Dobu - >History and Cultural Relations



In the late nineteenth century, Dobuans (Edugaurans in particular) were reputed to be fierce warriors and notorious cannibals who terrorized many of their neighbors. Their trading relations with the islands of Fergusson, Amphletts, and Trobriands to the north, and with the peoples of Duau (Normanby Island) and Tubetube to the south, were conducted in parallel with local raiding enterprises.

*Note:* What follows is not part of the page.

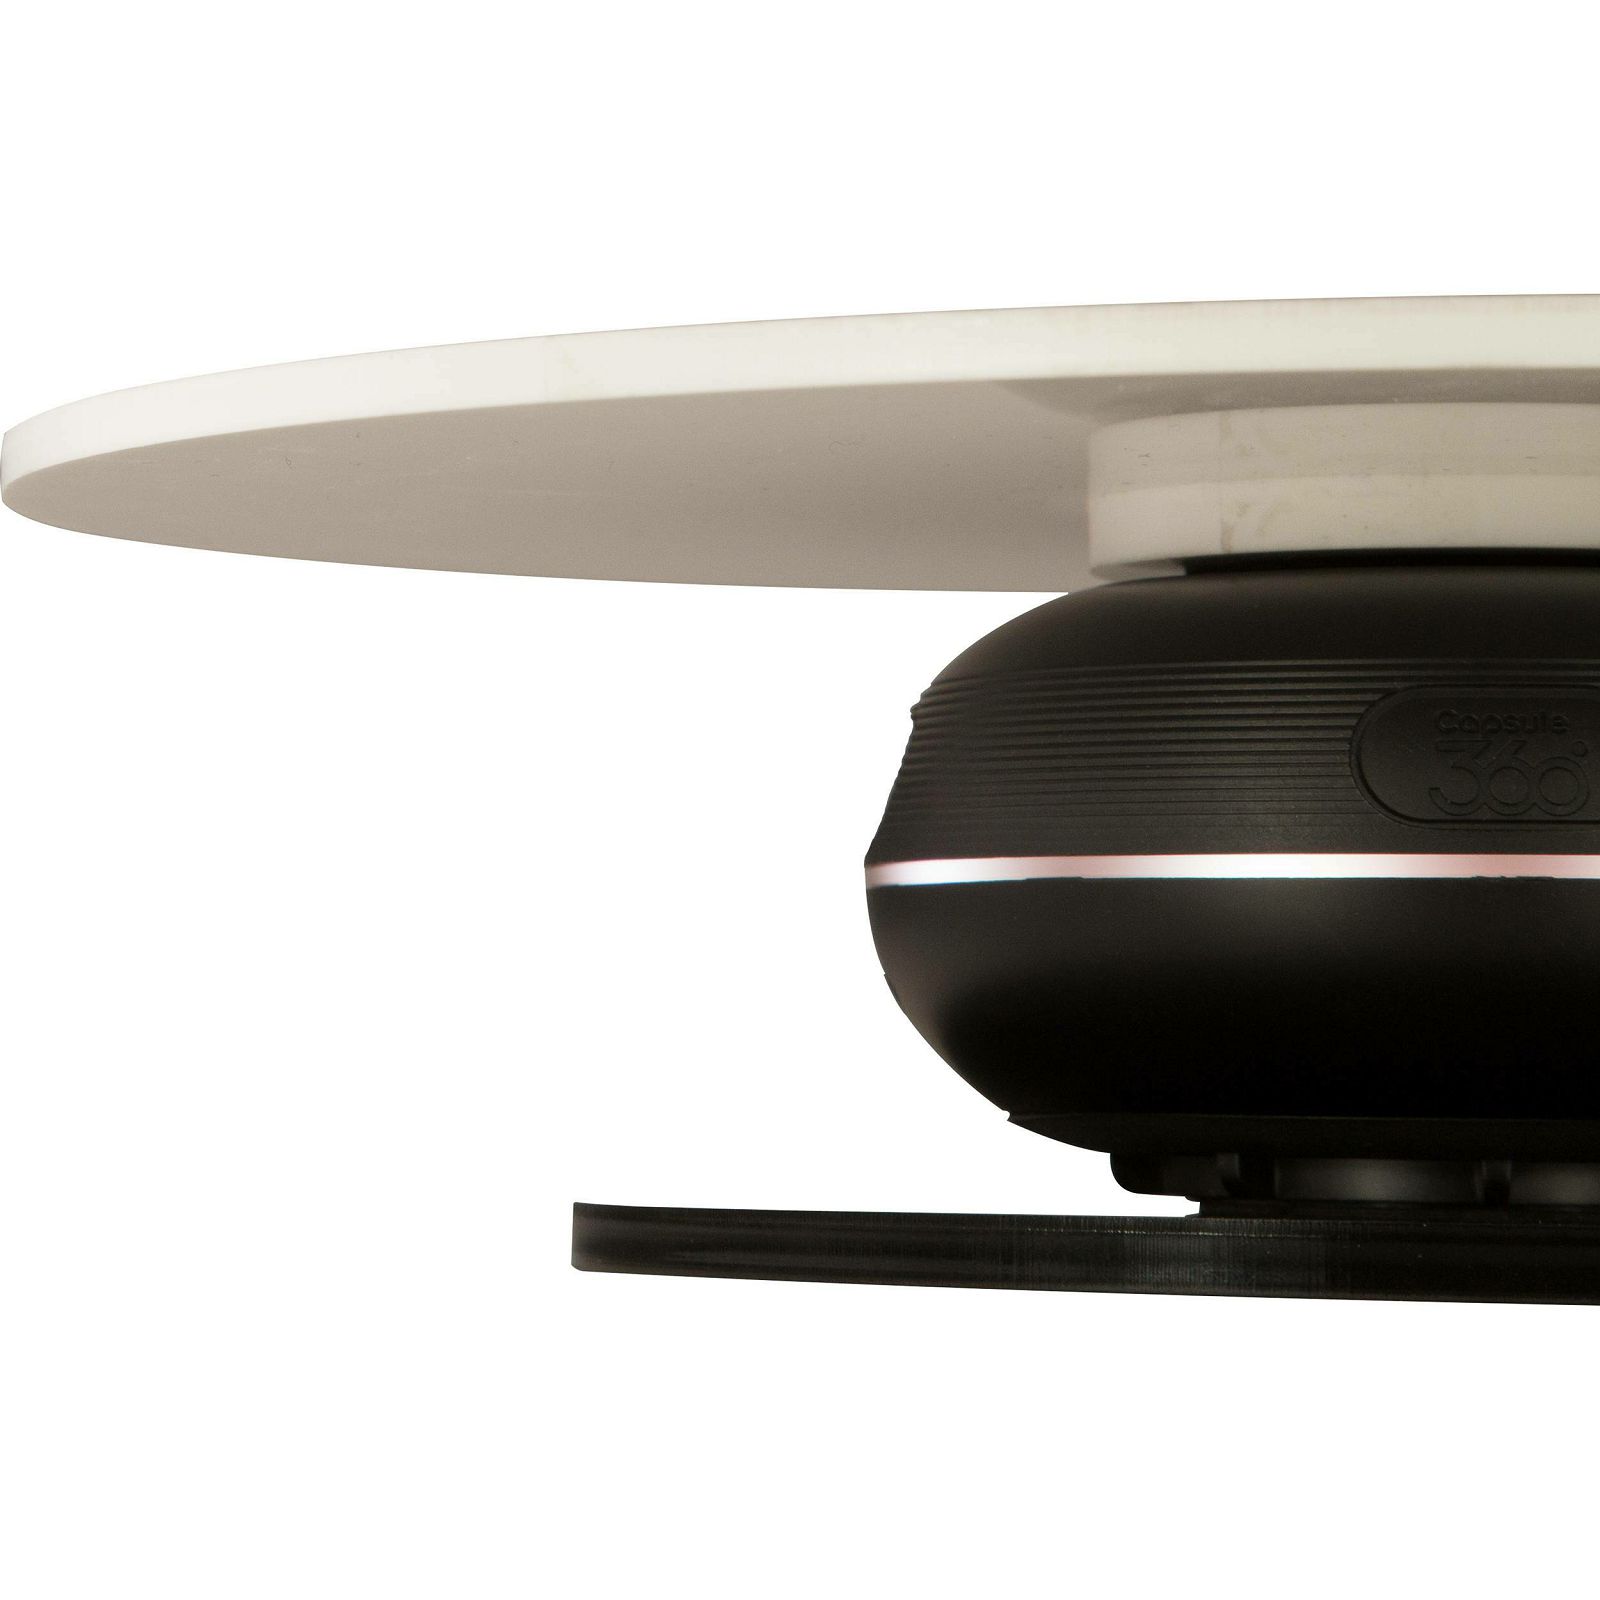 Miops Turntable for Capsule360

Contact history began in the mid-nineteenth century with brief visits by whalers and pearlers, and later, in 1884, by "blackbirders" who forcibly recruited a number of men and killed others. Dobu was visited in 1888 by Administrator Sir William MacGregor on his first official tour of the newly proclaimed British New Guinea, and in 1890 by the Reverend George Brown, secretary general of the Australasian Methodist church, who was seeking a headquarters for his mission. By this date copra traders had already settled in the area, steel tools and trade tobacco were in circulation, and European-introduced epidemic diseases were beginning to deplete the population. The arrival on 13 June 1891 of William Bromilow and his missionary party of sixty-three (which included thirty Polynesian evangelists) was probably the most consequential event of local history. Within a few years Bromilow claimed to have pacified the district, though it was more than forty years before the whole Dobu-speaking area was Christianized.